Hay tantas cosas que quisiera decirles provenientes de mi corazón en un doce de diciembre, pero ninguna palabra mía tendría la mínima relevancia en comparación con las que Nuestra Madre del cielo diría.

Por ahí del año 1556, un indígena mexica bautizado como Antonio Valeriano, escribió por narración de otro indio, (San) Juan Diego Cuauhtlatoatzin, un manuscrito con caracteres en español y en lengua náhuatl cada uno de los sucesos y palabras acontecidas en el año de 1531, entre el 9 y 12 de diciembre, cuando la depresión mexica tuvo una esperanza, cuando la historia de México cambió para siempre, cuando un mensaje llegó para quedarse en el corazón de todo el mundo.

En este libro titulado “Aquí se narra” (Nican Mopohua) se encuentran las palabras que más sentido tienen escuchar el día de hoy y para siempre, la voz de la Madre de Cristo y Madre nuestra; por ello, es mi deseo compartir una de mis partes favoritas de este relato, por favor, lea y medite, guarde en su alma cada palabra, pues esta historia ocurre justamente cuando Juan Diego, apresurado por llegar a México para buscar un sacerdote que le dé “el bien morir” a su amado tío, ¡se esconde de la Virgen!, toma otra ruta y entonces:

“Le vino a salir al encuentro de lado del monte, vino a cerrarle el paso, le dijo:

¿Qué hay, Hijo mío, el más pequeño? ¿A dónde vas?

Él en su presencia se postró, con gran respeto la saludó: Mi Virgencita, niña mía la más amada, mi Reina, ojalá estés contenta; ¿Cómo se encuentra Tu amado cuerpecito?... Causaré pena a Tu venerado rostro, a Tu amado corazón: Por favor, toma en cuenta, Virgencita mía, que está gravísimo un criadito tuyo, tío mío. Una gran enfermedad en él se ha asentado, por lo que no tardará en morir. Así tengo que ir urgentemente a Tu casita de México, a llamar a alguno de los amados de Nuestro Señor para que tenga la bondad de confesarlo, de prepararlo.

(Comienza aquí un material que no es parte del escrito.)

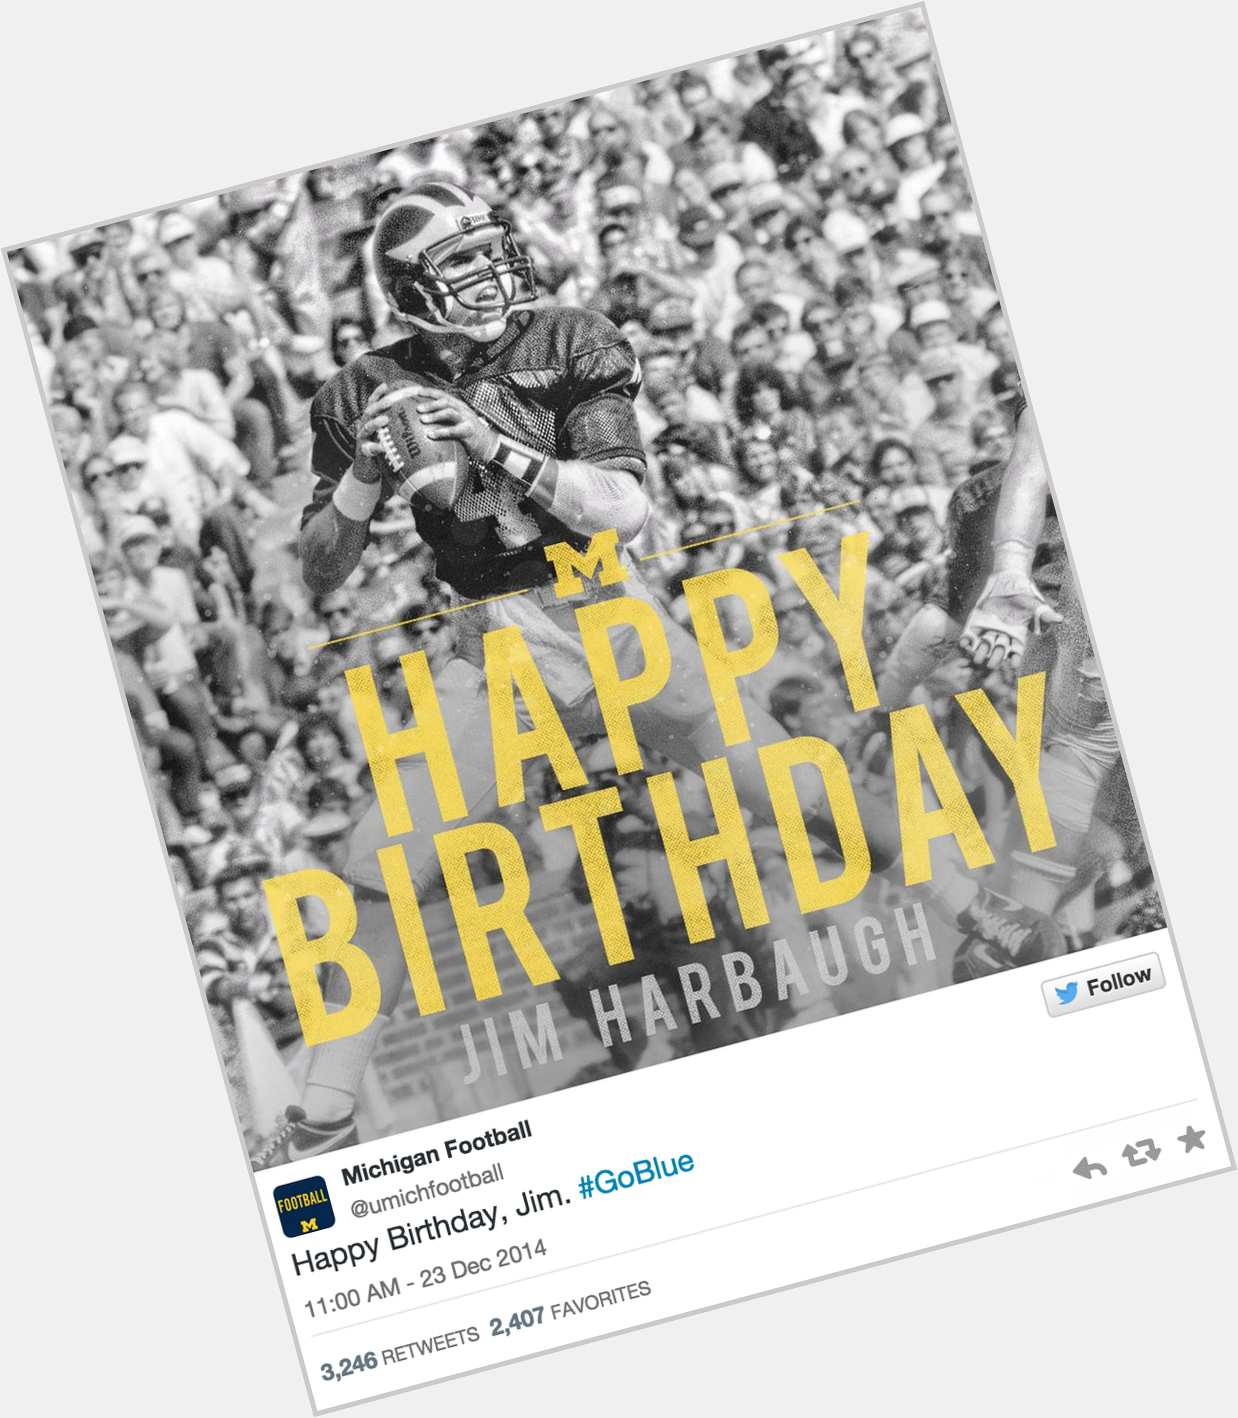   Michigan messageed a happy birthday to 49ers coach Jim Harbaugh today. Hmmmm »   so ?

Puesto que en verdad para esto hemos nacido: vinimos a esperar el tributo de nuestra muerte”.

María responde:

“Por favor, presta atención, ojalá que quede muy grabado en tu corazón, Hijo mío el más querido: No es nada lo que te espanta, lo que te aflige, que no se altere tu rostro, tu corazón, si tan solo pudieras conocer el gran don de Dios. Por favor no temas esta enfermedad, ni a ningún otro dolor entristecedor ¿ACASO NO ESTOY AQUÍ QUE TENGO EL HONOR Y LA DICHA DE SER TU MADRE? ¿No estás bajo mi sombra y mi resguardo? ¿Acaso no soy la fuente de tu alegría? ¿Qué no estás en mi regazo, en el cruce de mis brazos? ¿QUÉ MÁS PUEDES QUERER?”